WHAT NEEDS TO BE DONE:
Your output should match the listing below word for word, without any images.

DATA BLOCK:
<<<<

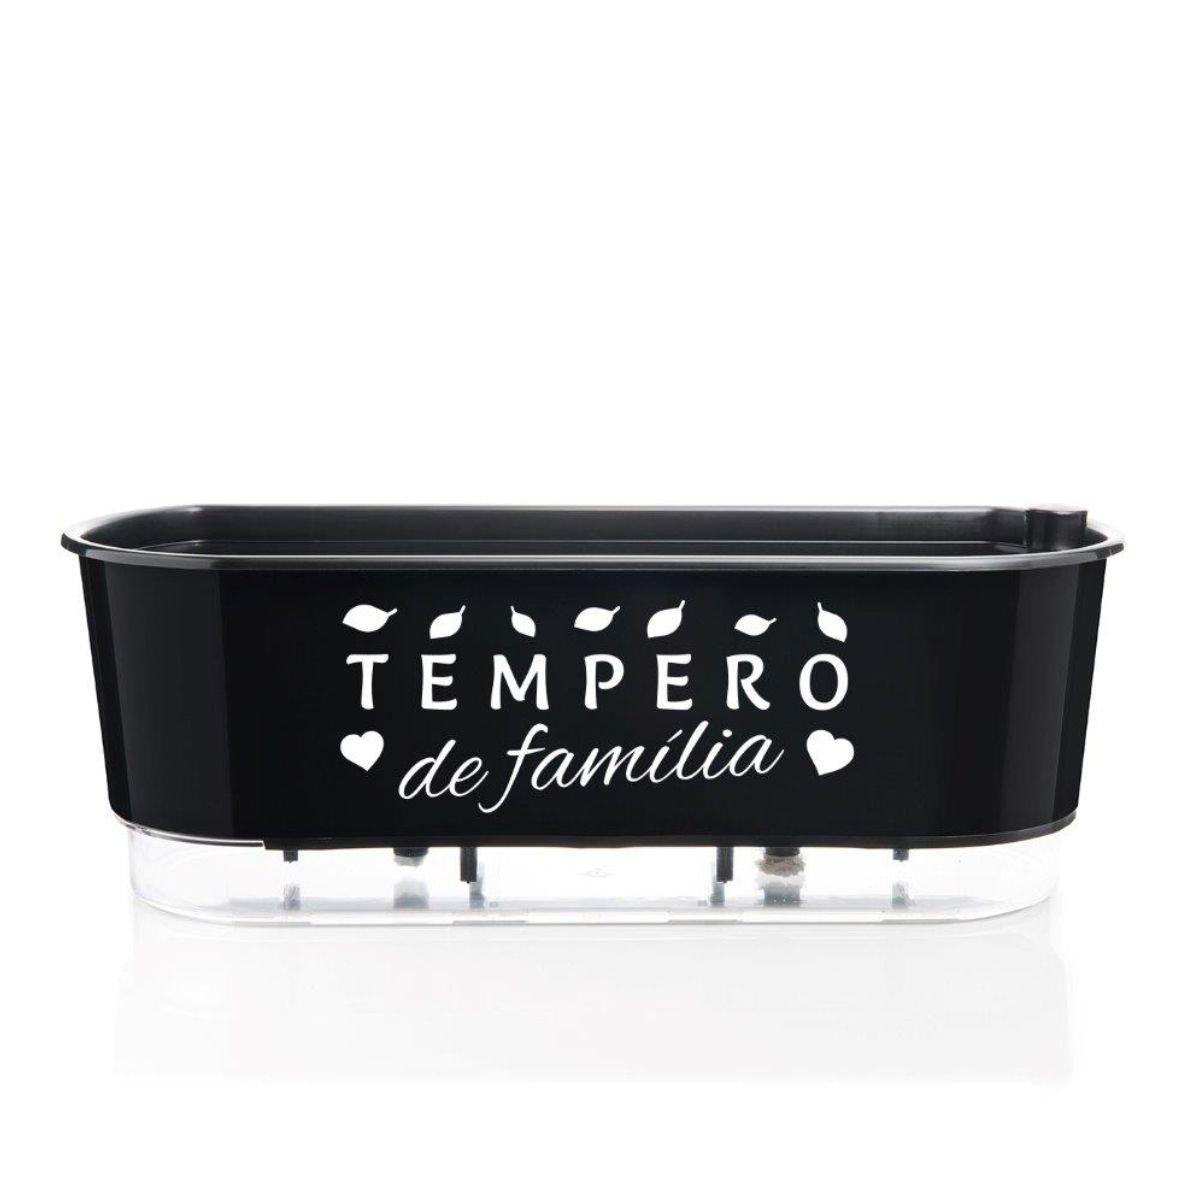 Vaso Autoirrigável Jardineira Tempero de Família Preto 40cm Raiz
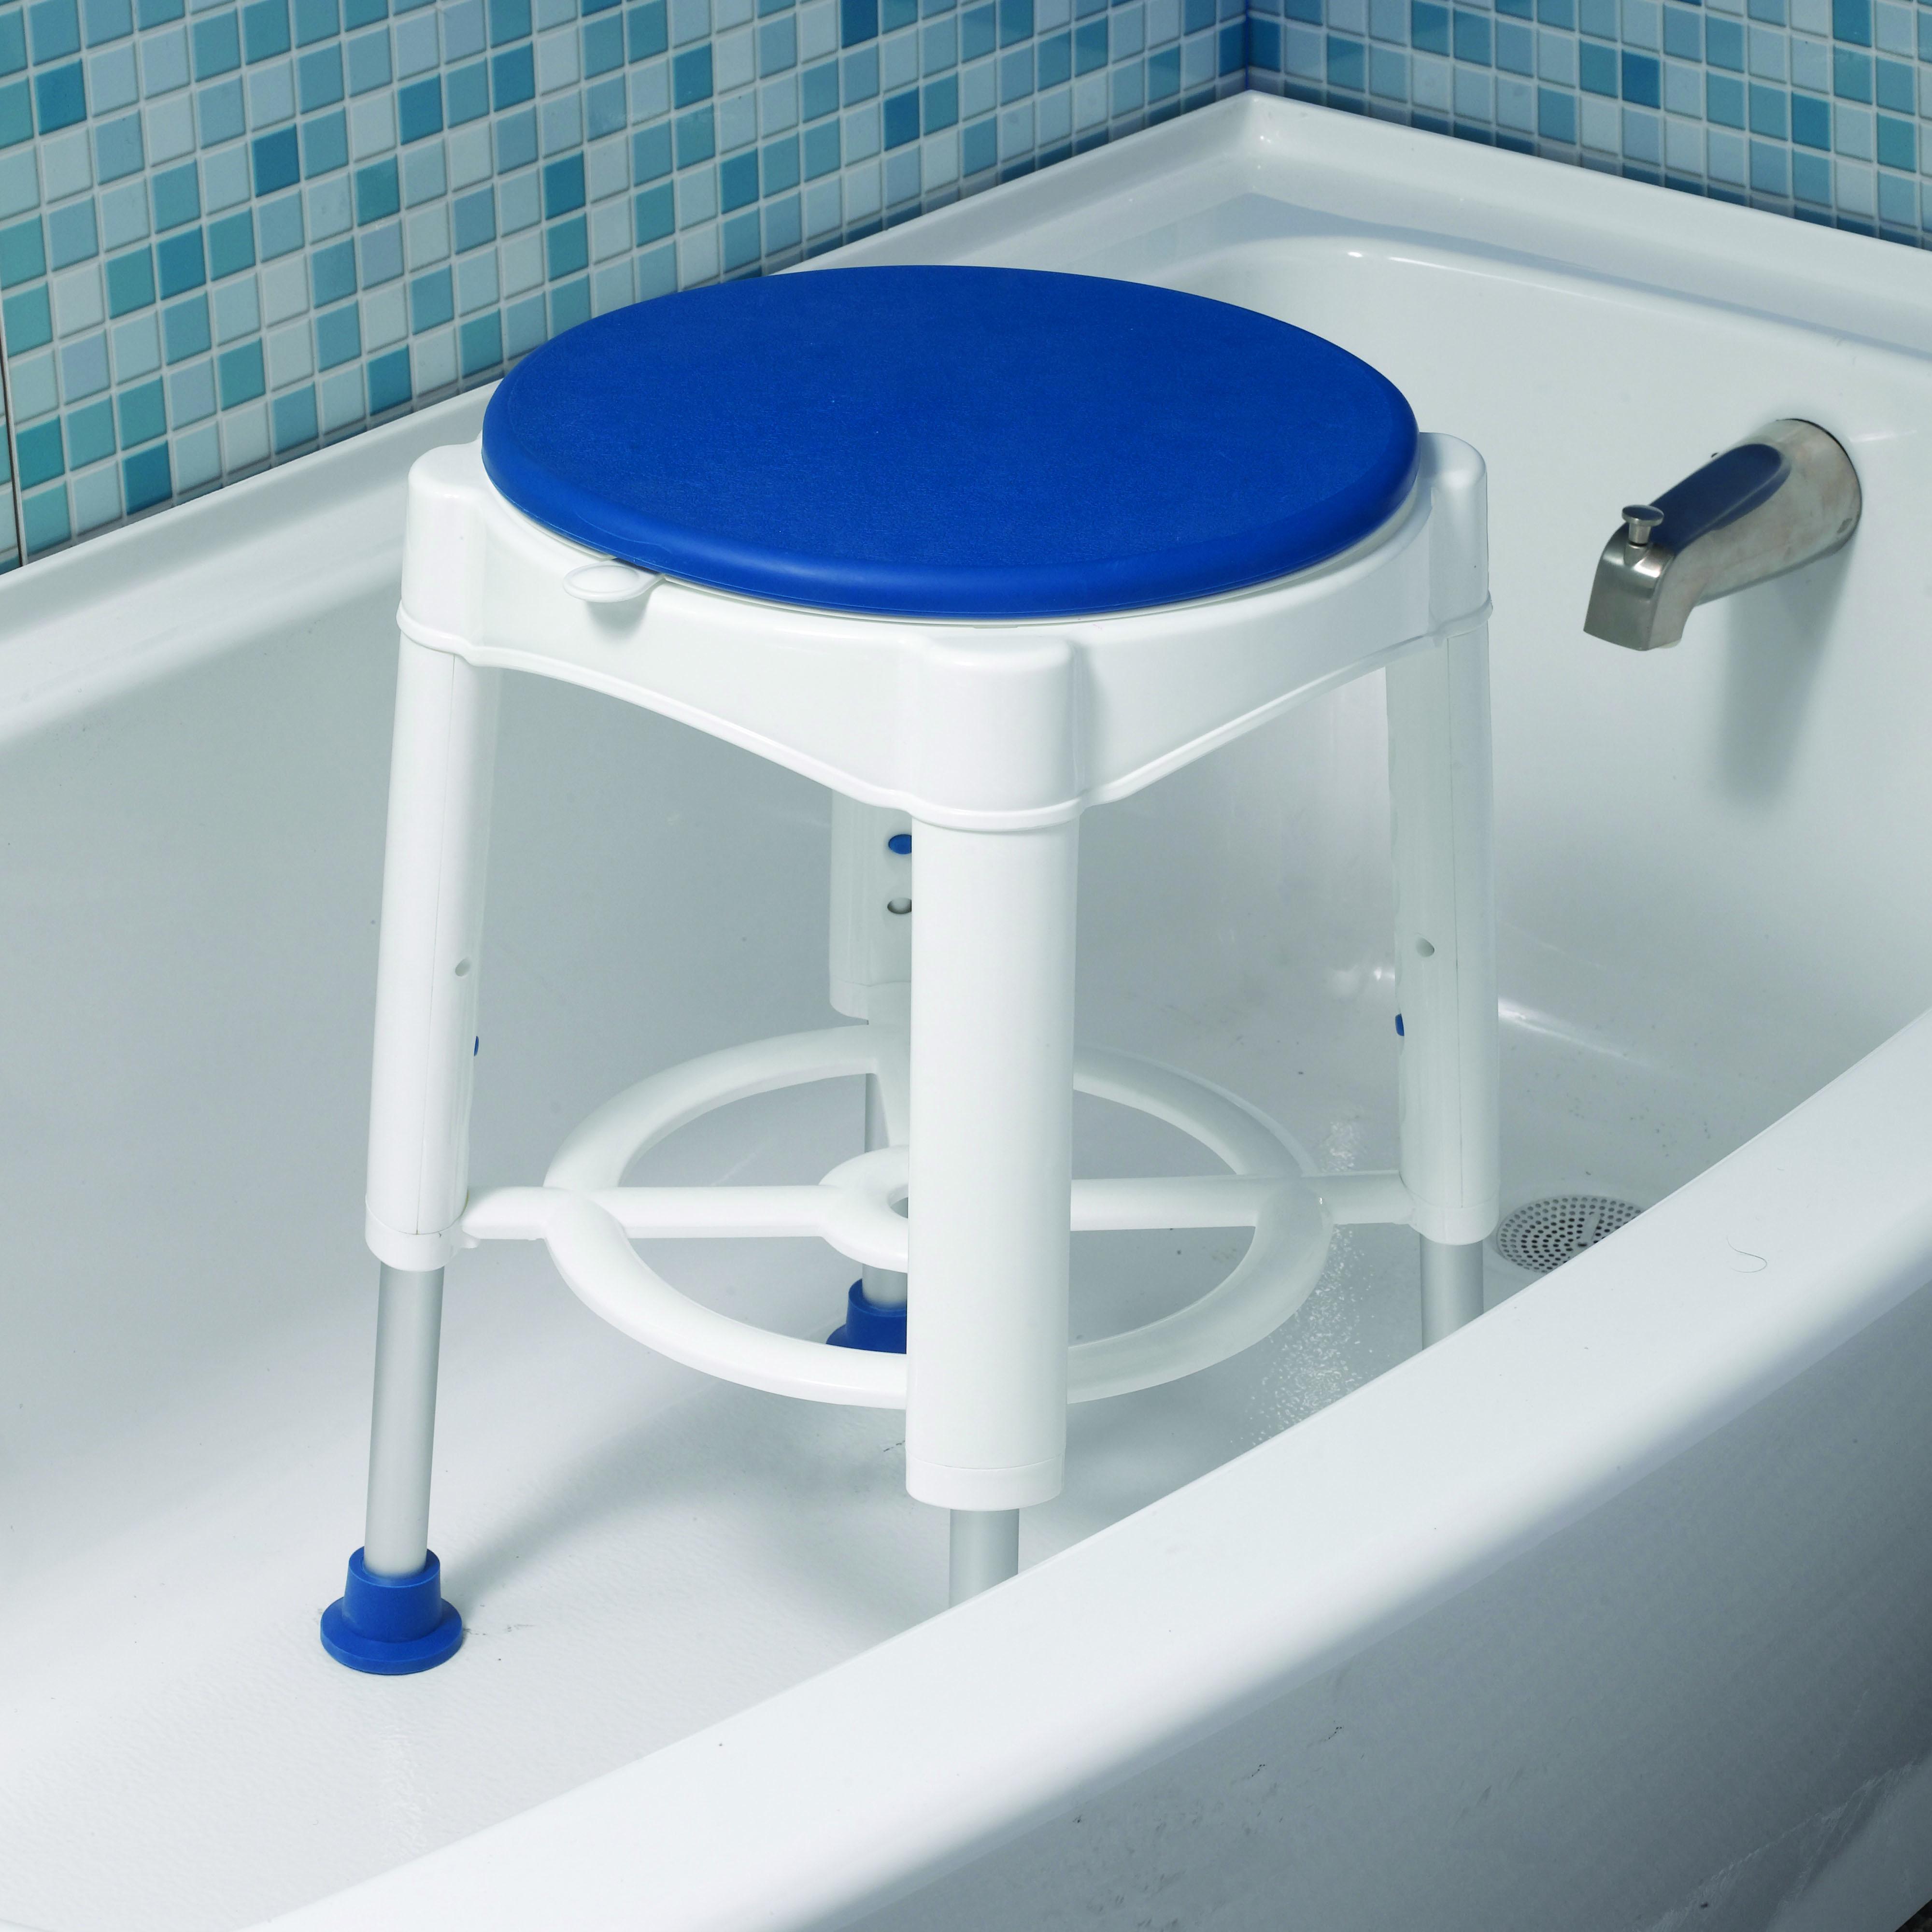 Bathroom Safety Swivel Seat Shower Stool – AMS
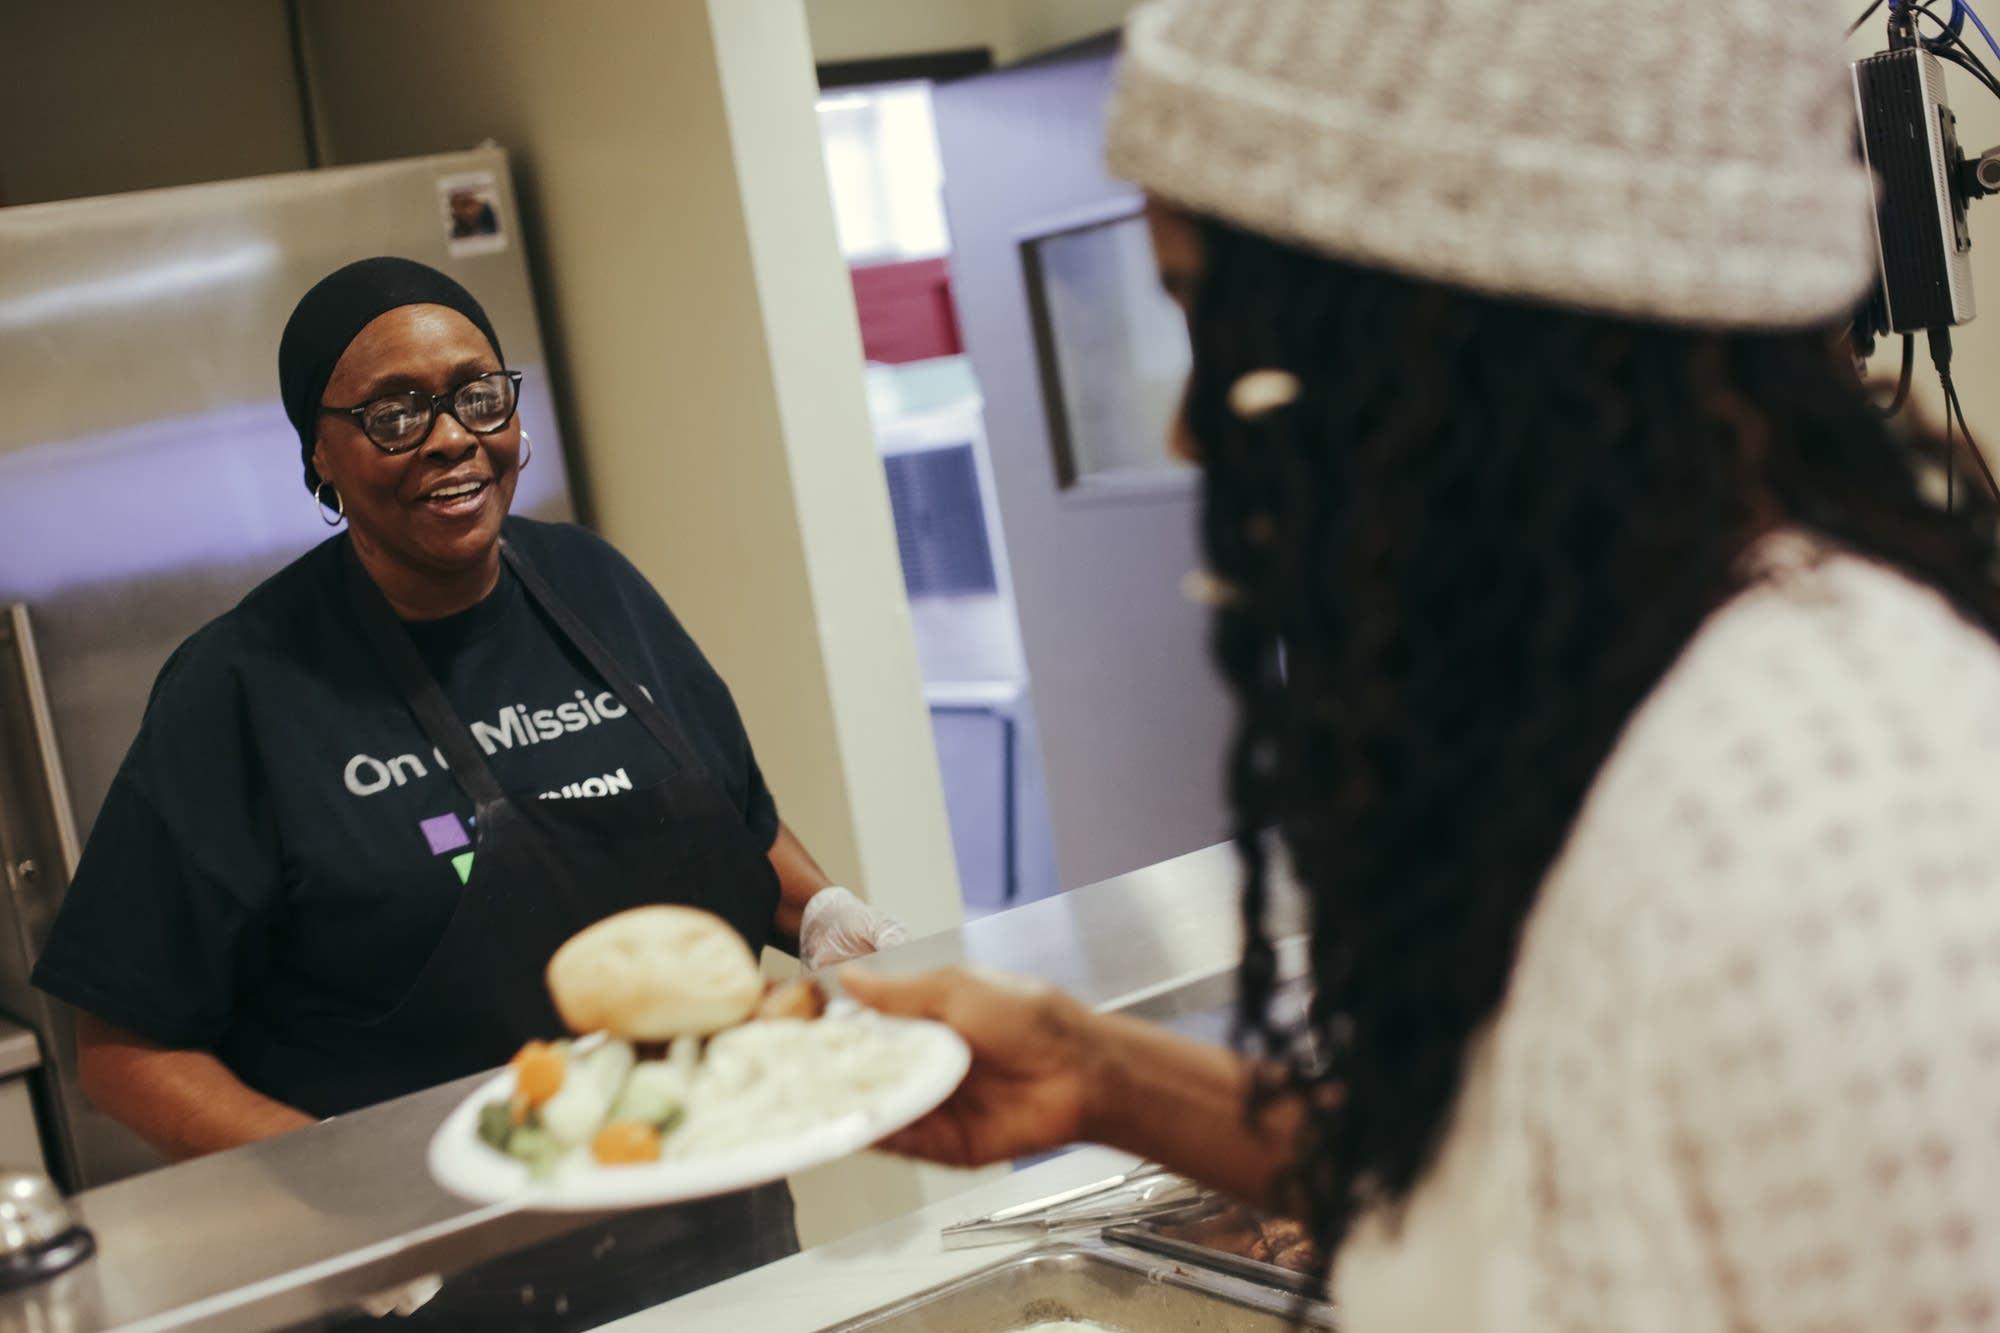 Roseline Charles serves up lunch inside of the Union Gospel Mission

>>>>

OUTPUT OF THE EXERCISE:
 Vaso Autoirrigável Jardineira Tempero de Família Preto 40cm Raiz
 Bathroom Safety Swivel Seat Shower Stool – AMS
 Roseline Charles serves up lunch inside of the Union Gospel Mission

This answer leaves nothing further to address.